Again, please, if anyone knows what is really going on... I am more than interested in hearing a competent answer. 

 

Regards, 

Jason

is converting some static array variables (put on the stack) to dynamically allocated arrays (heap space). 

 

 

 

can you give me an example??

Static variables on the stack? Really? I don't have the compiler in front of me right now, but every other compiler I've worked with would not put static variables on the stack, because there is no need. They're static, so they go into memory with the global variables. 

 

One thing I do know. a lot of times, the error messages are absolutely no help at all and will actually tell you to look for a problems far, far away from where the problem actually is. 

 

However, I have seen a similar type of error from another cause. Seems that many memory access are done relative to the gp register, something like: 

 

(load register) r2,XXXX(gp) ; I forget the exact mnemonics, but it's something like this 

 

 

This means: use the value in the gp register, offset it by the 16-bit immediate value XXXX and put the value at that memory location in r2. 

 

The problem is if it is more than +-32K away, it fails with a whole string of error messages, most of them being completely negatively helpful, but I think I remember things like 'reloc' errors, and similar. 

 

It's been awhile since I saw this, but I think it came from having overlapping addresses assigned for memory in SOPC. I used the auto assign addresses, regenerated the processor, generated a new BSP, and recompiled. The compiler was much happier after that. 

 

Don't know if it will help, but thought I'd offer.

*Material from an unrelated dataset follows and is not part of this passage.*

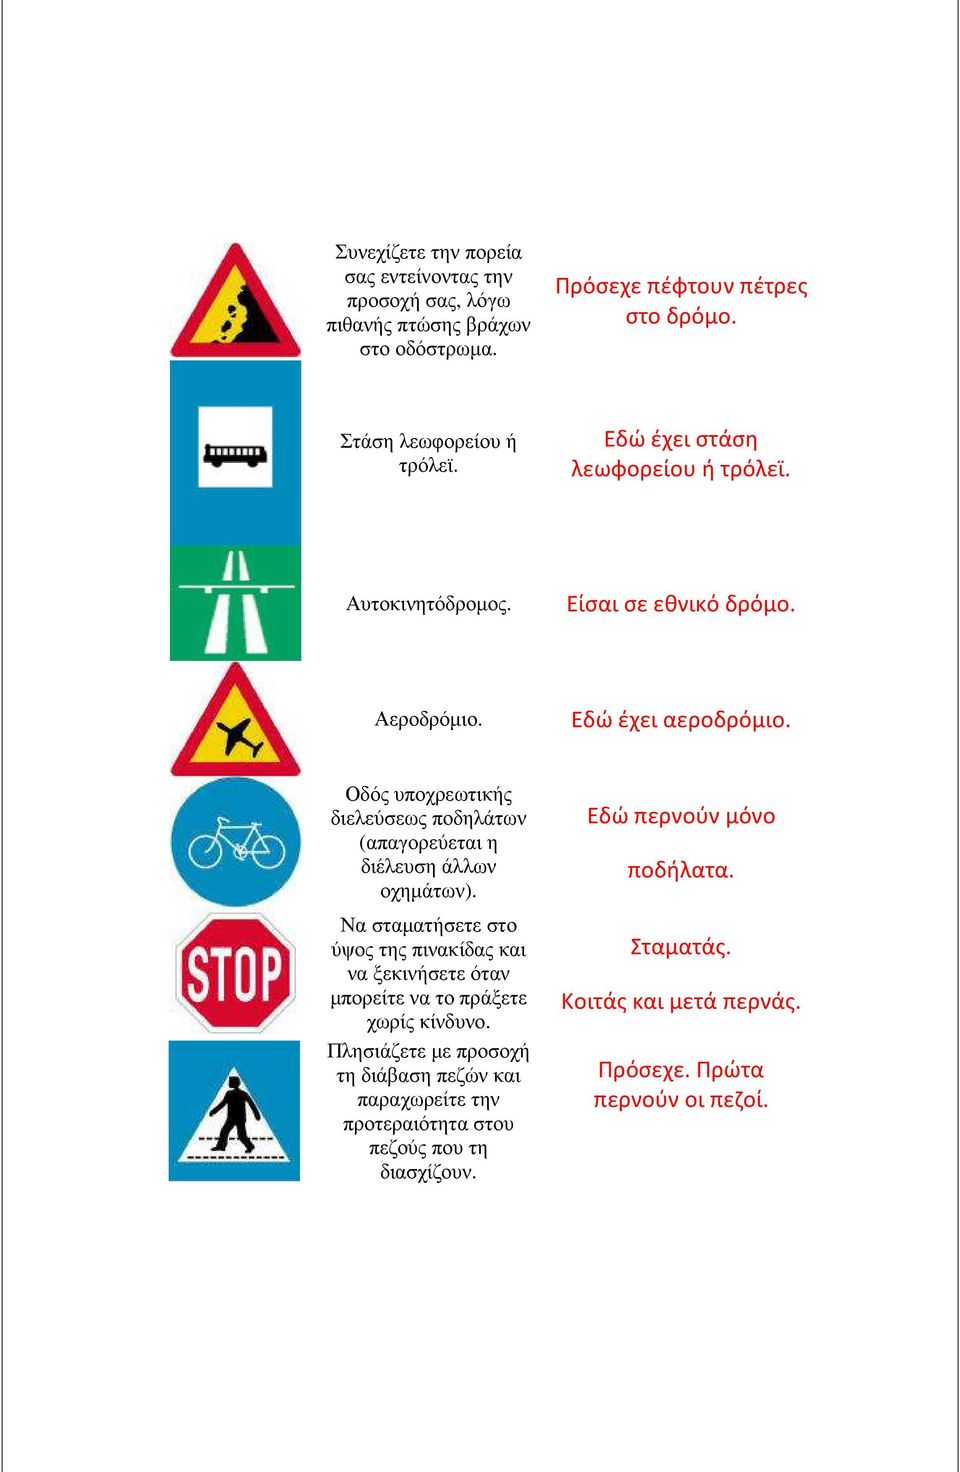 Οδός υποχρεωτικής διελεύσεως ποδηλάτων (απαγορεύεται η διέλευση άλλων οχηµάτων).

All global variables are accessed via GP, as the NIOS instruction set does not have an instruction that uses a (32 bit) direct address (obviously: the instruction code is just 32 bits :) ).  

 

Only thread vars (__thread keyword) are accessed via a different register.  

 

The load/store instructions only provide a signed 16 bit "offset" so you are right that only +/32 K is possible. (The Linker can "reloc" ate them correctly to be GP-relative.) 

 

I suppose the linker and the OS will place GP at the beginning of the global variables area and thus in fact only some 32K global variables are possible in a program, unless the compiler provides a method to access them with slower code than usual (in a dedicated "far" region). I don't know whether the compiler/linker can do this, but obviously it needs to be defined in the make/linker scripts.  

 

Supposedly same holds for consts that I think are just global variables initialized when loading the program. 

 

-Michael

My mistake... I did not mean "static" variables, I should instead have said "automatic" variables. I believe that makes my previous statement accurate.

AFAIK, global and static (and non-local const) are all accessed via GP. 

 

If you do local (stack) variables, same are accessed via SP or FP in the same manner. Thus constructs > 32 K will be problematic, as well. 

 

-Michael